- Pakistan Shaheens / Bangladesh A
- Dates: 13 – 30 August 2024
- Captains: Saud Shakeel (First-class) Mohammad Haris (List A) / Anamul Haque (First-class) Towhid Hridoy (List A)

FC series
- Result: 2-match series drawn 0–0
- Most runs: Umar Amin (177) / Jaker Ali (172)
- Most wickets: Mir Hamza (5) / Tanzim Hasan Sakib (2) Hasan Murad (2)

LA series
- Result: Pakistan Shaheens won the 3-match series 1–0
- Most runs: Usman Khan (87) / Saif Hassan (58)
- Most wickets: Abbas Afridi (5) / Mahedi Hasan (1)
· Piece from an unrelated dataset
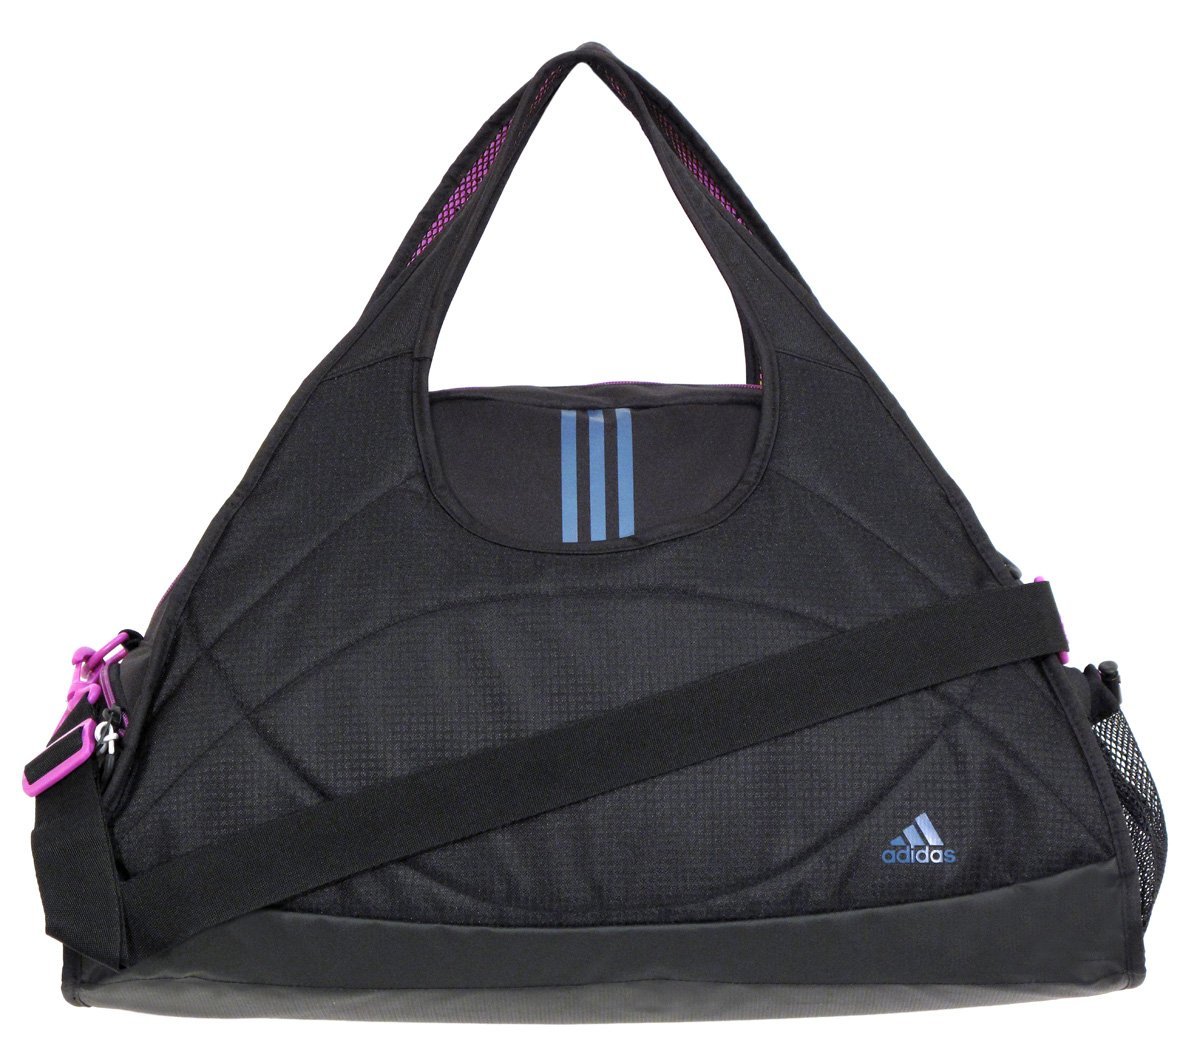 Adidas Ultimate Club Bag

= Bangladesh A cricket team in Pakistan in 2024 =

International cricket tour

The Bangladesh A cricket team toured Pakistan in August 2024 to play against Pakistan Shaheens. The tour consists of three List A and two first-class matches. The series forms part of both teams' preparation for the upcoming ICC World Test Championship fixtures.
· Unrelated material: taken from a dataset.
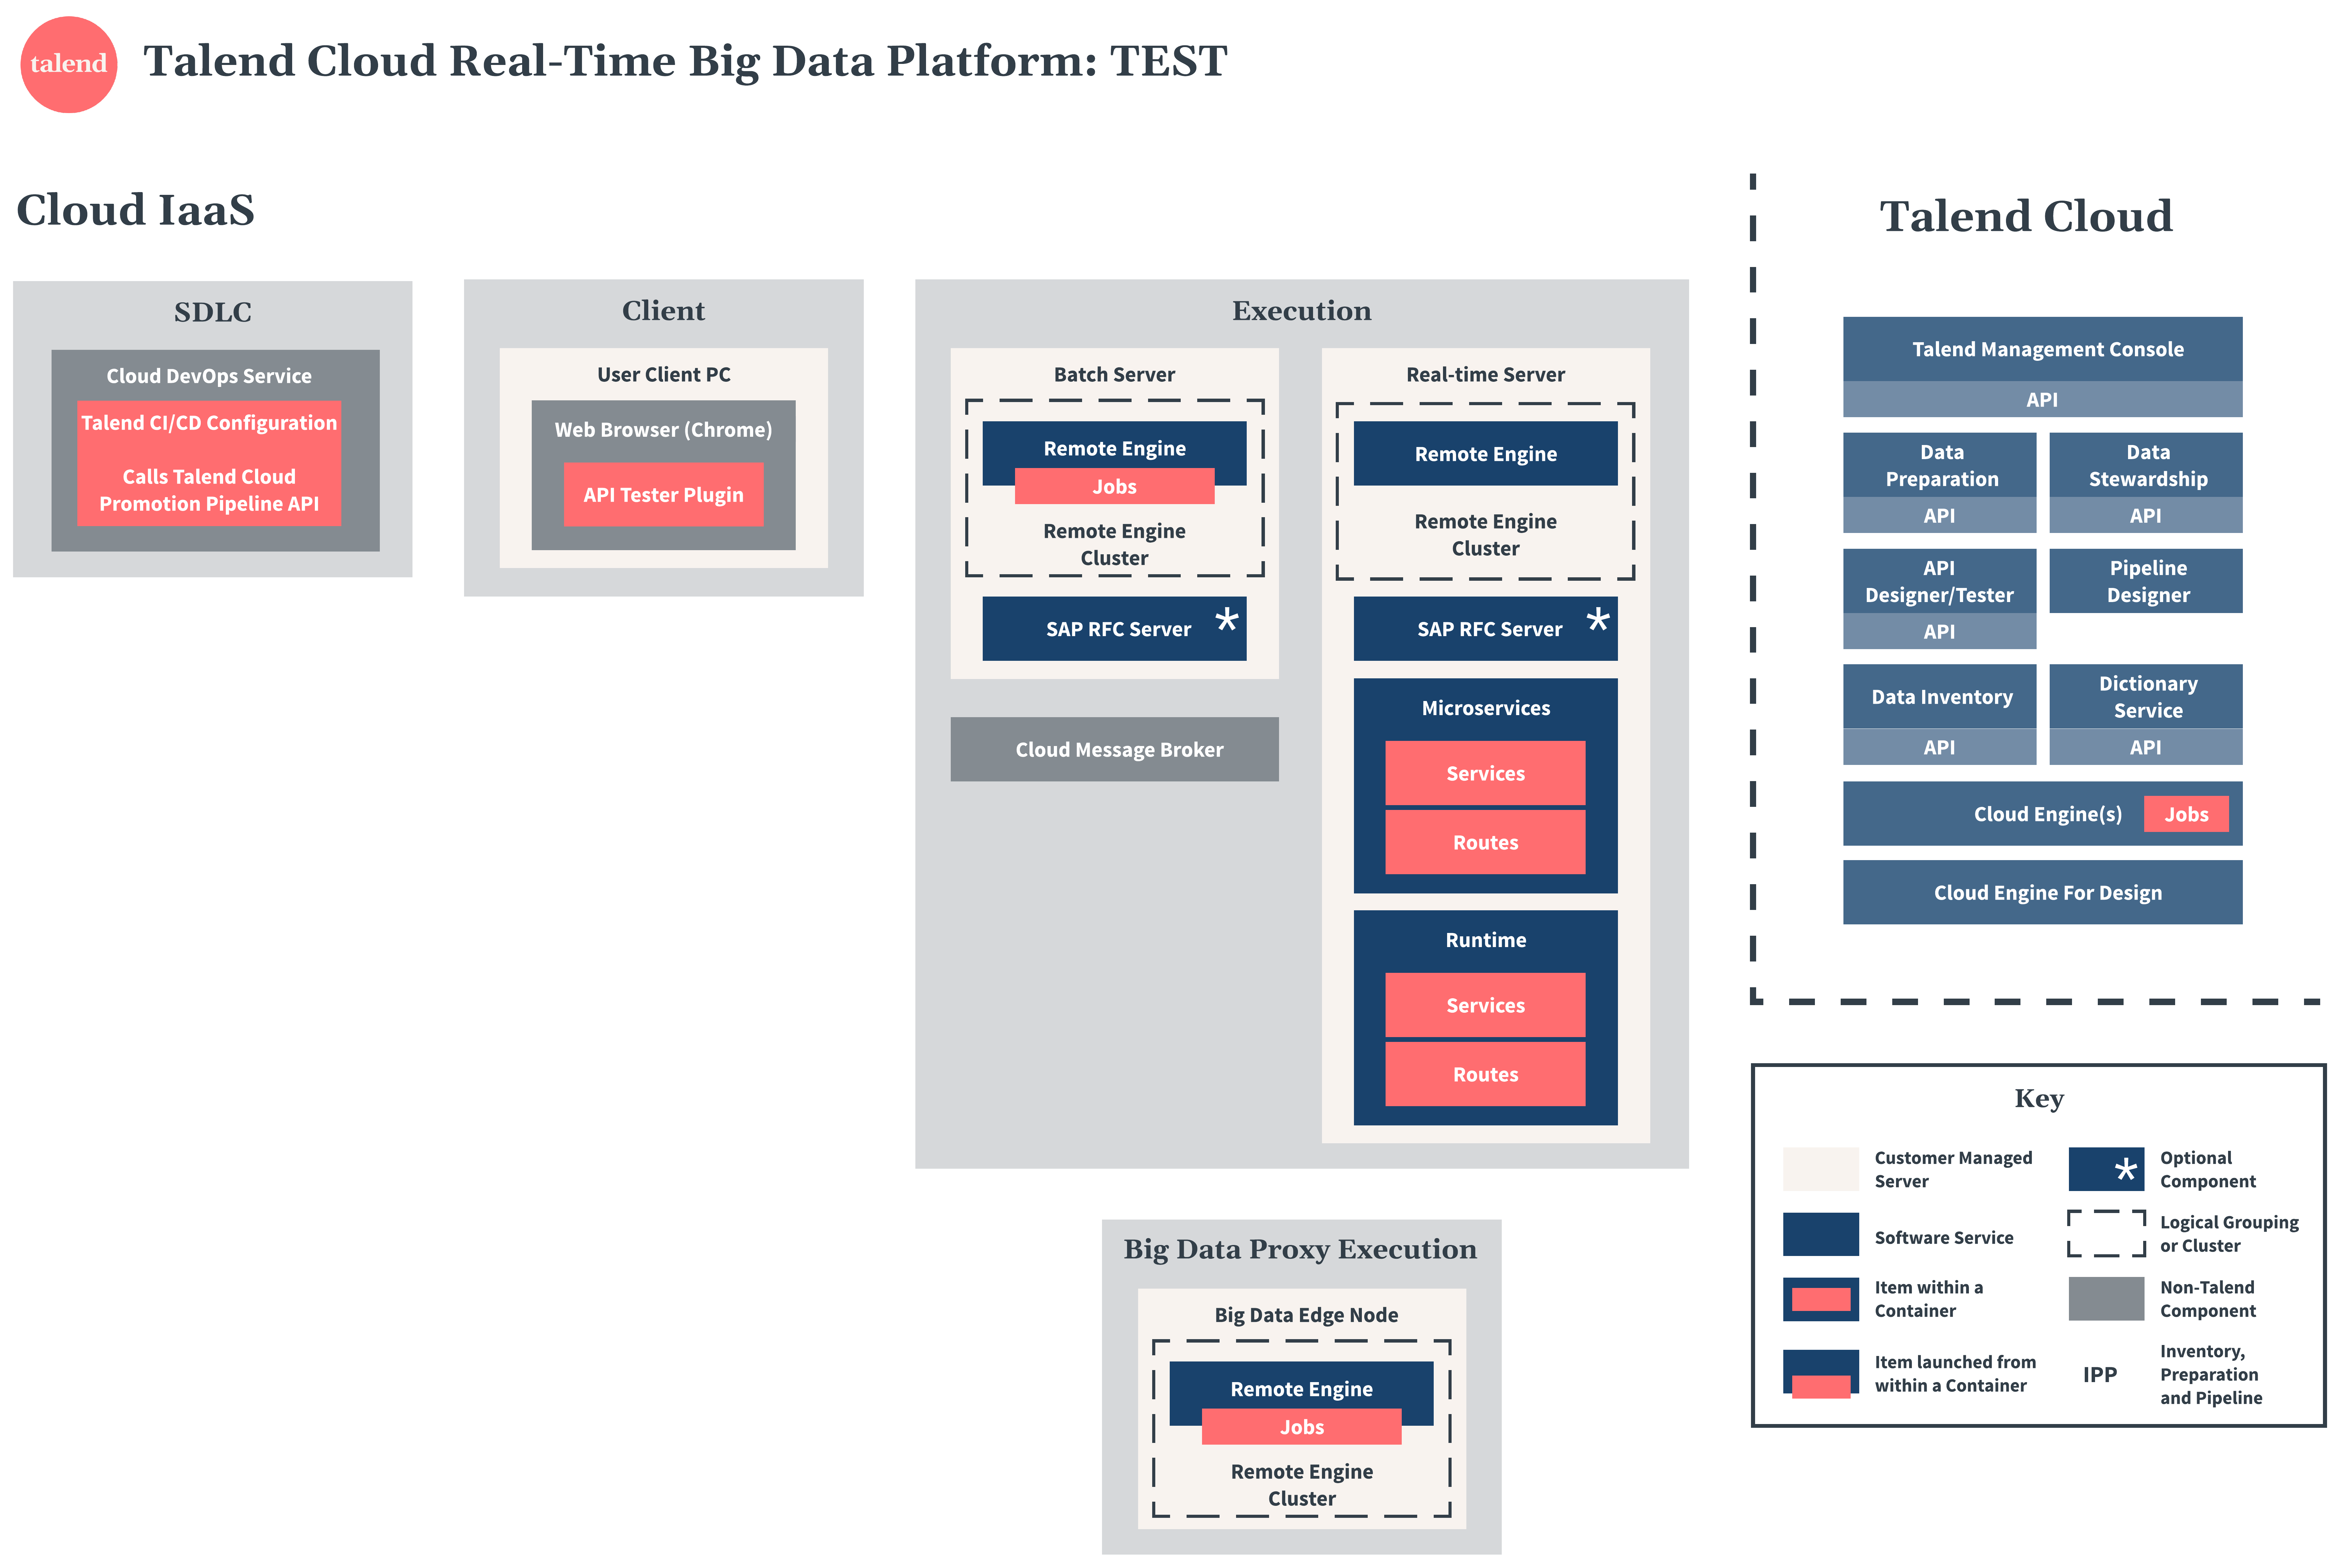 Talend Cloud Diagramm zu Real-Time Big Data Platform-Test.

Due to the 2024 Bangladesh quota reform movement in Bangladesh, A cricket team's arrival in Pakistan was delayed by 48 hours, and the entire tournament's schedule was revised.

==Squads==

| PAK Pakistan Shaheens |  | BAN Bangladesh A |  |
|---|---|---|---|
| First-class | List A | First-class | List A |
| Saud Shakeel (c); Mohammad Ali; Sarfaraz Ahmed (wk); Saim Ayub; Umar Amin; Saad Baig (wk); Kamran Ghulam; Sameen Gul; Mir Hamza; Saad Khan; Mohammad Huraira; Mehran Mumtaz; Mohammad Rameez; Naseem Shah; | Mohammad Haris (c, wk); Abdul Faseeh; Arafat Minhas; Azan Awais; Faisal Akram; Haseebullah Khan (wk); Jahandad Khan; Mehran Mumtaz; Abbas Afridi; Irfan Khan; Mohammad Imran; Mubasir Khan; Omair Yousuf; Usman Khan; | Anamul Haque (c); Jaker Ali; Mahidul Islam Ankon; Sahadat Hossain; Zakir Hasan; Mominul Haque; Mosaddek Hossain; Nayeem Hasan; Saif Hassan; Towhid Hridoy; Mahmudul Hasan Joy; Tanvir Islam; Hasan Murad; Hasan Mahmud; Mohammad Naim; Mushfiqur Rahim; Rejaur Rahman Raja; Ruyel Miah; Mohammad Saifuddin; Soumya Sarkar; Tanzim Hasan Sakib; | Towhid Hridoy (c); Jaker Ali; Mahidul Islam Ankon; Anamul Haque; Mahedi Hasan; Rishad Hossain; Saif Hassan; Mosaddek Hossain; Tanvir Islam; Ruyel Miah; Mohammad Naim; Rejaur Rahman Raja; Mohammad Saifuddin; Soumya Sarkar; Tanzim Hasan Sakib; |

On 19 August 2024, PCB announced squads for 2nd four-day match with Kamran Ghulam as a captain along with Abrar Ahmed, Ali Zaryab, Ghulam Mudassar, Imam-ul-Haq, Mohammad Awais Anwar, Niaz Khan, Qasim Akram, Rohail Nazir (wk), Saad Khan and Sharoon Siraj.